Romulus had to admit, he was a pretty good man despite how much he slaughtered back in the days of being an empire. He believed in God (after years of killing Christians, he converted into one, so...), he loved his grandsons, and he was always in good spirits. So when he occasionally asked God if he could come down and check on his beloved grandsons, the being usually let him do so. After all, with grandsons like Lovino and Feliciano, _someone_ had to be checking on them. Besides, Romulus didn't really know who was taking care of them! That Ludwig guy probably took care of Feliciano, but what about Lovino?

And so, the almighty Roman Empire went to check on his grandsons. They were supposed to be at a meeting at the moment.

Romulus chuckled and walked over to a window, peering into the meeting building where his grandsons were supposed to be. ...What he saw did not please him. Not at all.

First of all, Feliciano, the innocent and cheery one, was currently _examining_ Ludwig's...ahem. Romulus died a little inside. Just what the hell were they doing in there? Was this some kind of harem or humiliating dare contest? The empire was tempted to run in there and chop off Ludwig's vital regions. ...And feed them to sharks.

Second, Lovino, the bold yet still adorable one, was in a dress. A pink, girly dress. Romulus just stared. It wasn't the dress part that was bothering him, though. It was the fact that that Spanish nation...What was his name again? Oh, Antonio! It was the fact that Antonio was currently trying to _slide his hands underneath that dress_. Romulus was not happy. Not at all. And taking a look around the room, everything was in complete chaos.

Some creepy looking guy was absorbing the room, some feminine-looking Asian was yelling at that Gilbert guy, Arthur (he remember that cute little child) was being molested by some obnoxious looking guy (he's never seen him before... A younger nation?), and some people were unconscious—or were the dead?

Either way, the almighty Roman Empire was not pleased. Not at all.

And when a strong, ancient empire that is a bit on the dim side is pissed off, everyone should be afraid and stay _away_ from the window.

**SMASH.** There went the window...

"OKAY. EVERYONE SHUT UP AND STOP WHATEVER YOU'RE DOING."

...Silence.

"G-Grandpa Rome?" Lovino and Feliciano asked in unison, staring in shock. After a few moments of staring at the man in disbelief, the two Italians ran to him, embracing him and crying with joy. "Grandpa Rome~!"

Ludwig and Antonio were going to greet the supposedly-dead nation, but judging by the way said supposedly-dead nation was glaring at them, they were in deep shit.

Looks like the game was going to have to be delayed. They needed to calm this guy down before he started hacking them for touching his grandsons.


	18. This Sucks Austria's NonExistant Balls

This had to be the most awkward moment in both Ludwig's and Antonio's lives. Why? Well, it was pretty easy to guess why. The grandfather of their lovers just came back from the dead, and now he was pretty much about to cut their balls off...or worse. They didn't know _what_ was worse than that, but the ancient empire would find a way. The way he was glaring at the German and Spaniard... If looks could kill, the two would be gutted and hung at the moment. Ouch. Well, they couldn't really blame him. The scene he walked in on was a little less than savory.
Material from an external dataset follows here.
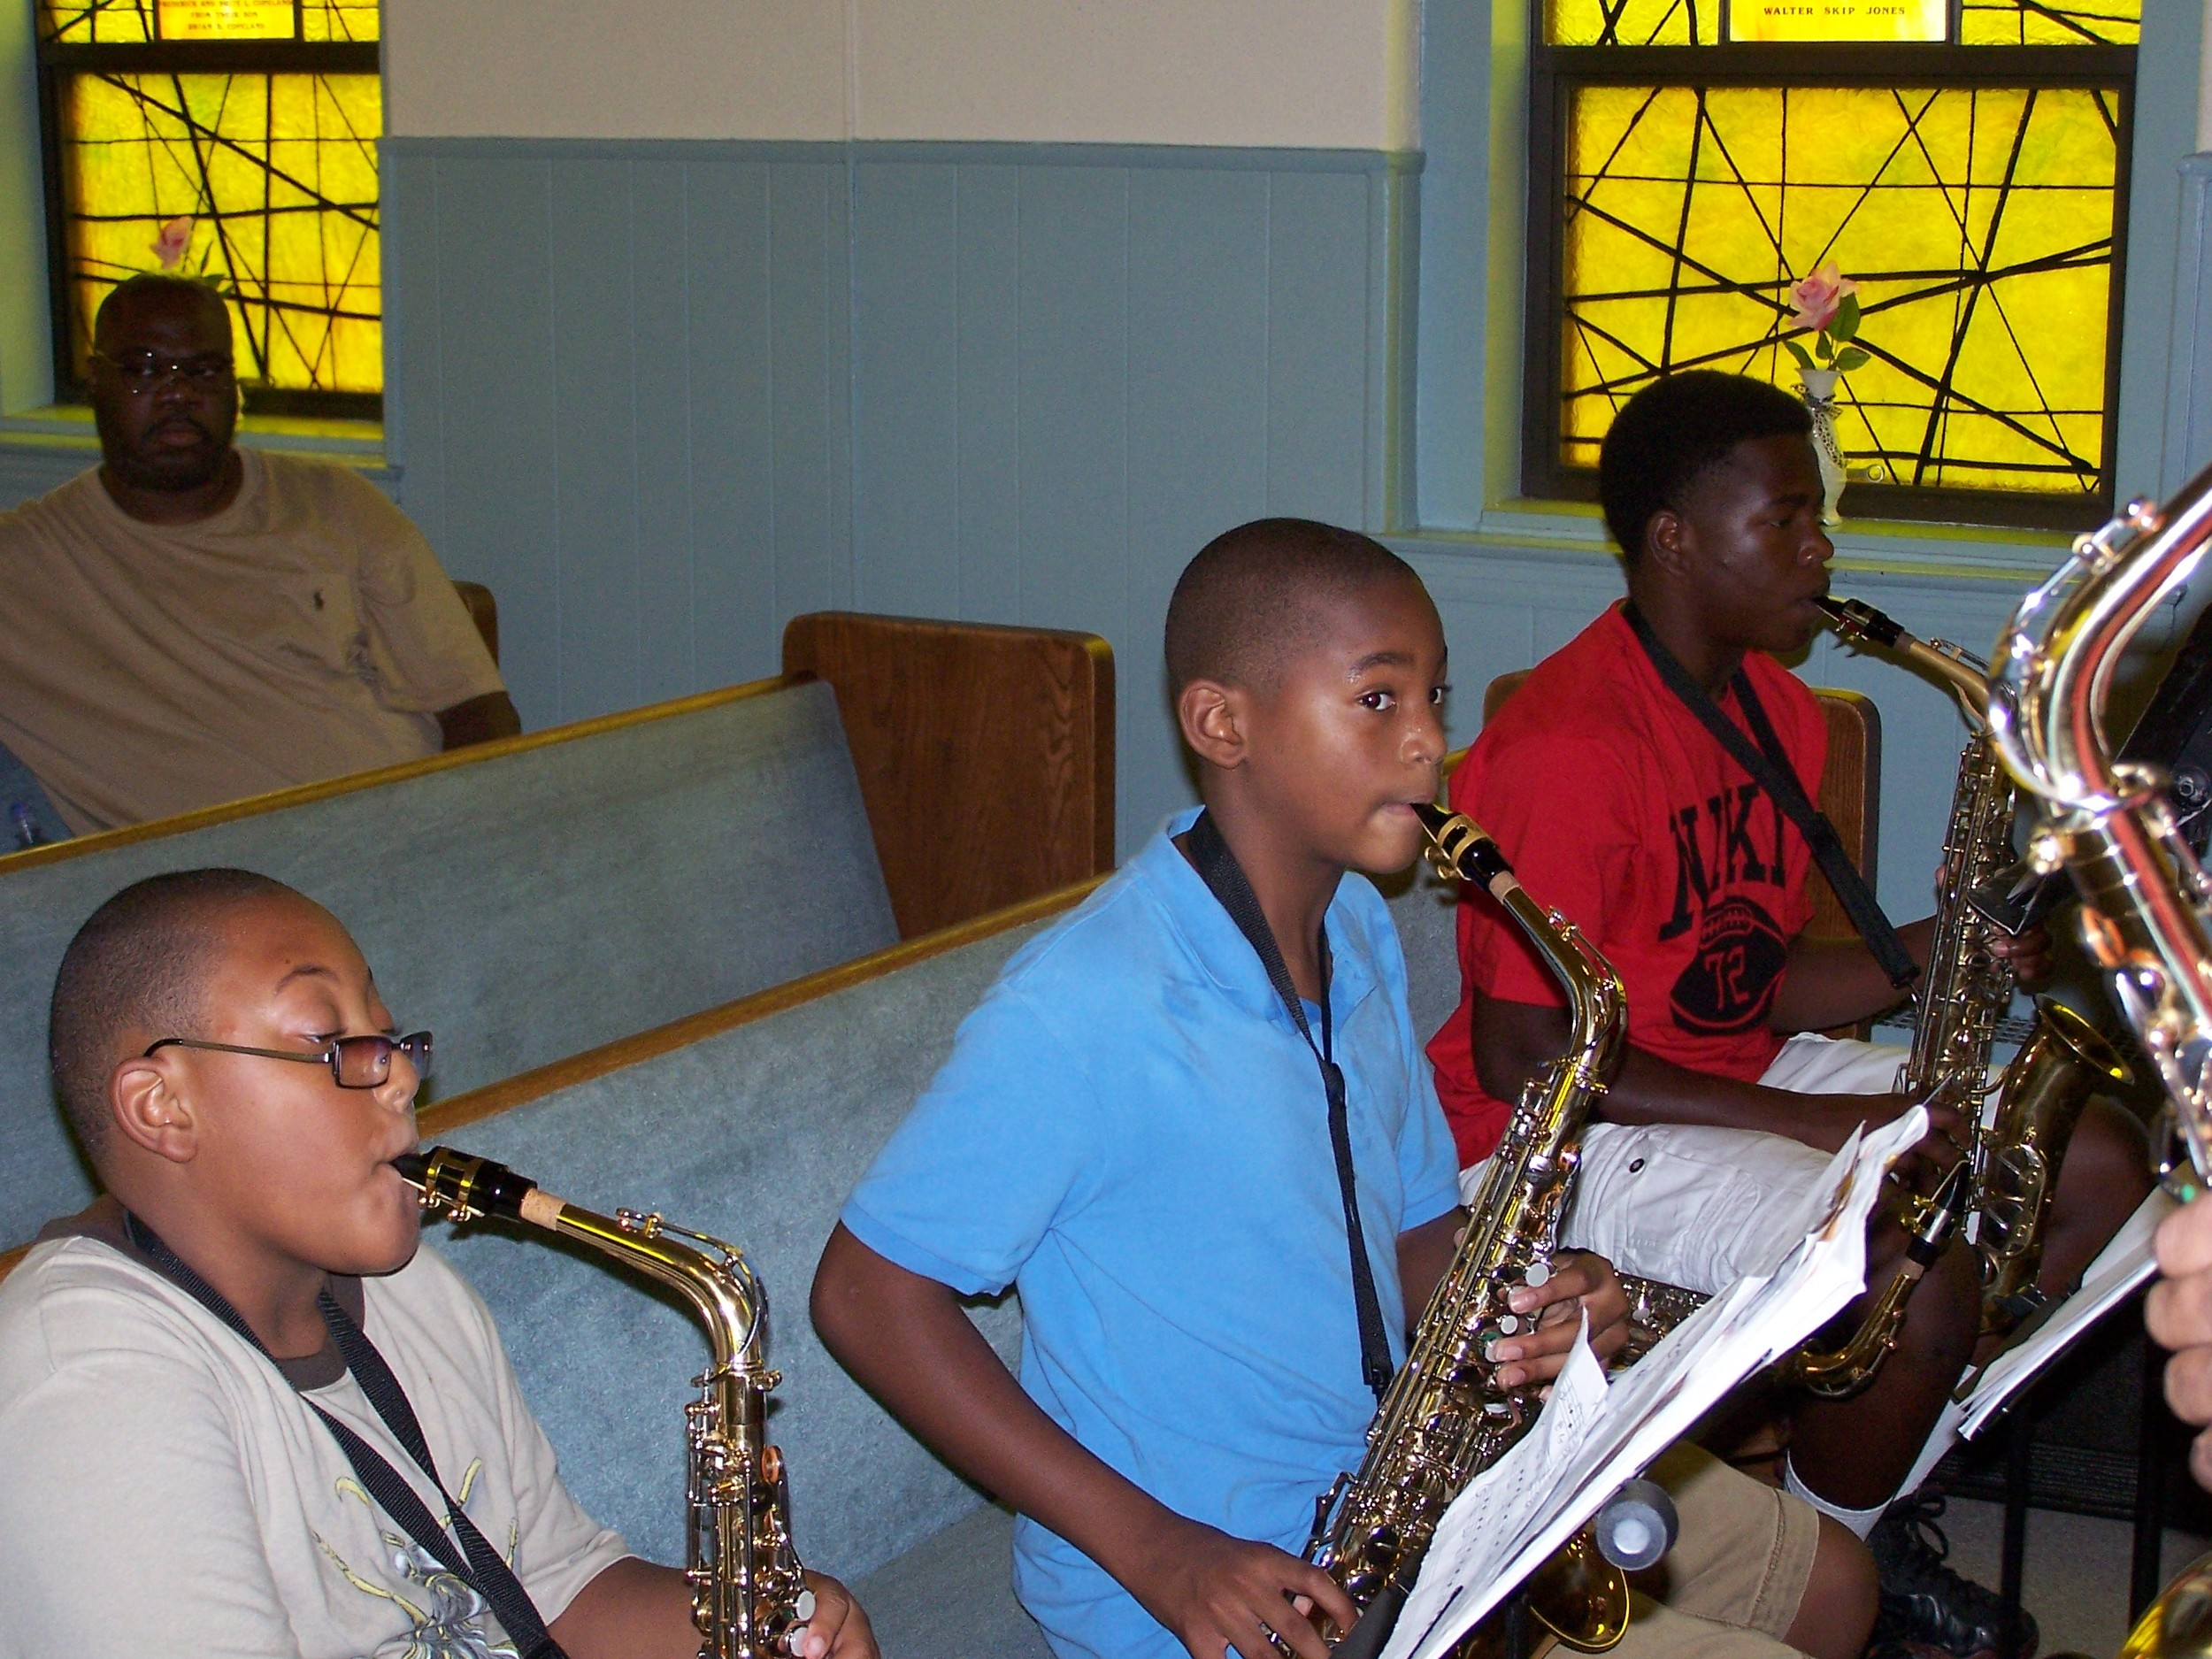 Jazz Ensemble Concert S2012 172.jpg

Everyone just stood there awkwardly and watched Feliciano and Lovino happily hugged their supposedly-dead grandfather. ...Well, not everyone. Mathias was still unconscious, and Adam was kissing h—oops, sorry, it was CPR. Say otherwise and the deep-voiced Norwegian would raise Hell. Literally.

Other than those two, Francis was still inside Ivan. For now, anyway. Ivan was starting to feel a bit sick due to the uncontrollable amounts of sexiness and stupidity surging from the Frenchman within. Ugh, it felt worse than that one time when Natalia tried to force his clothes off and fu—woah. Unwanted memories. Ivan shuddered and hugged Yao close like he was a teddy bear (earning a small yelp of surprise from the Asian, since Ivan nearly snapped him in half with that hug).
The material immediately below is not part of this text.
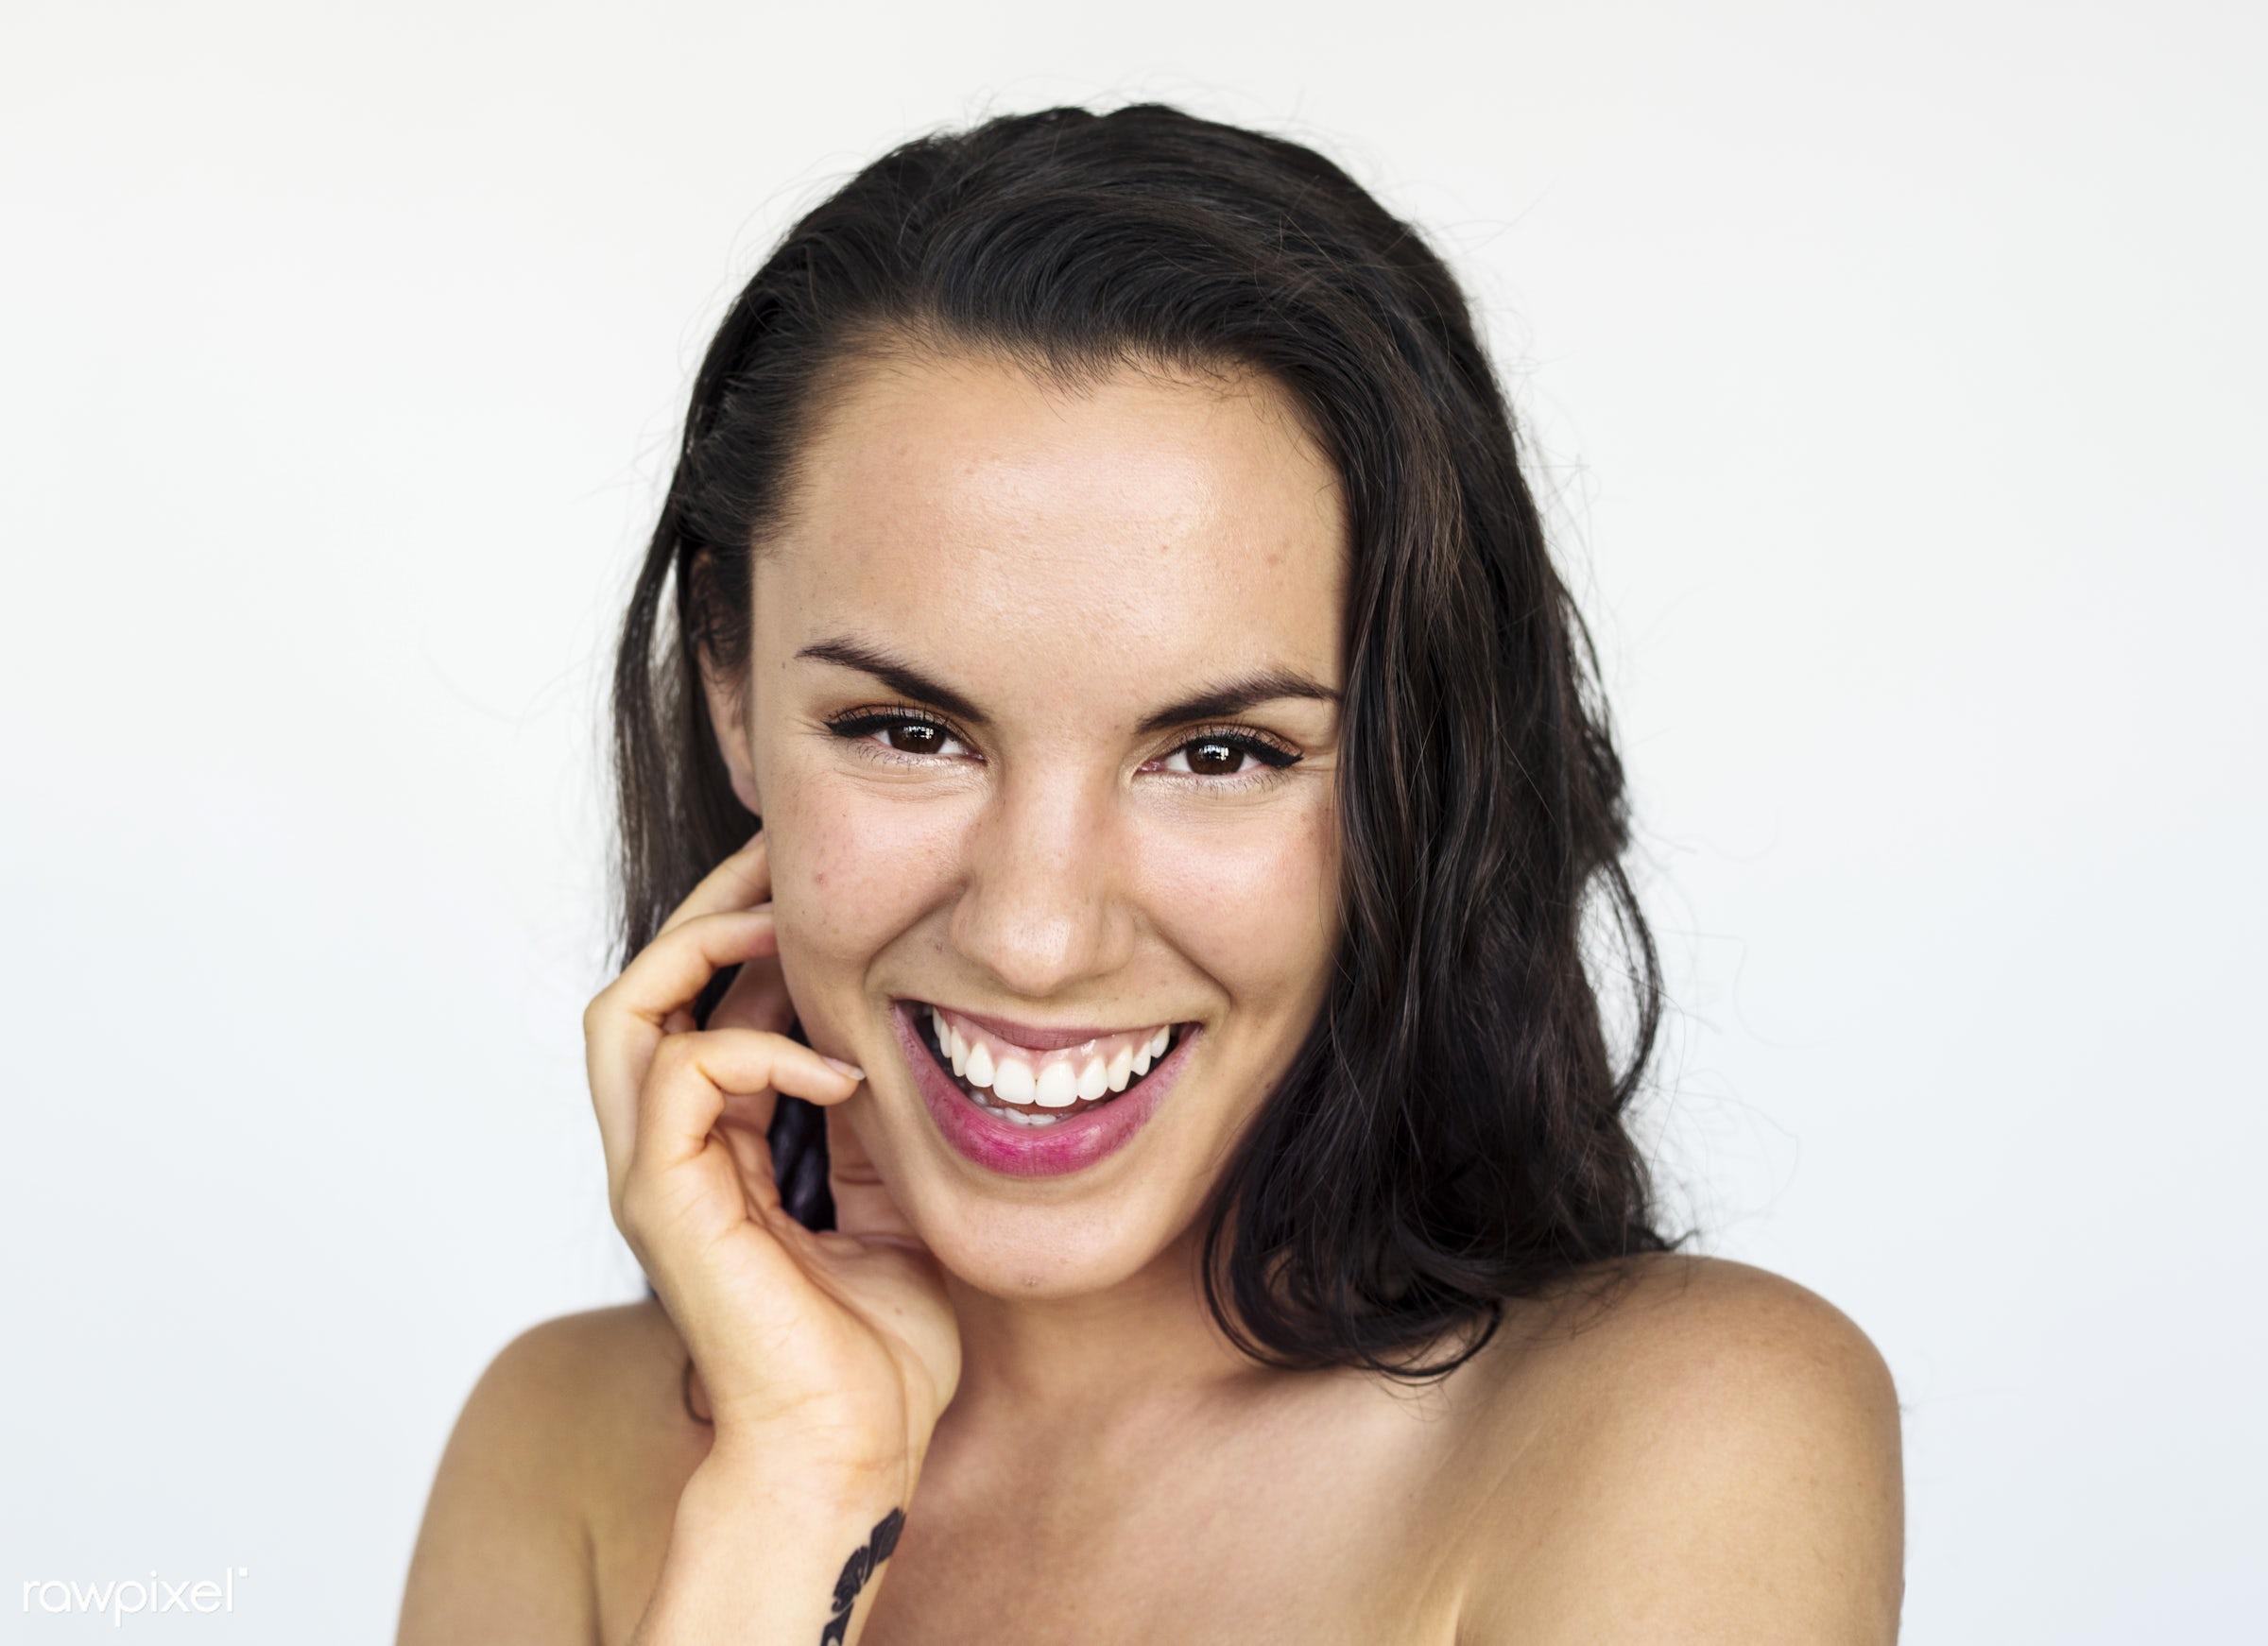 Portrait of a European woman - adult, alone, american, caucasian, cheerful, chic, closeup, content, croatian, europe,...

"S-So, should we keep playing...?" Kiku asked the question that everyone was afraid to ask.

Romulus looked at him, stopping his mental-massacre on the German and Spaniard. "What game are you all playing?"

"Truth or Dare."

"...Eh?"

Feliciano brightened up, smiling happily at his beloved grandfather. "It's basically a game where people can either ask you a question or make you do something~ Ve~ And no matter what it is, you have to do it or face being a total coward~!" Now, Romulus was usually a calm and easy-going guy, and he only revealed his strength and fierceness when it came to his dear grandsons... But besides them, the thing that also triggered his power and cunning was his dignity. How could he pass up a chance to become even more strong and admired? Him, a corward? Hah! If his grandsons could do this, so could he!

"Hm, can I play?"

Elizaveta looked thoughtful for a moment. She had seen the way Feliciano and Lovino longed to see their grandfather again, and this would be a way to make their wish come true... That and she wanted to see this hell of a sexy Italian man do something totally fap-worthy.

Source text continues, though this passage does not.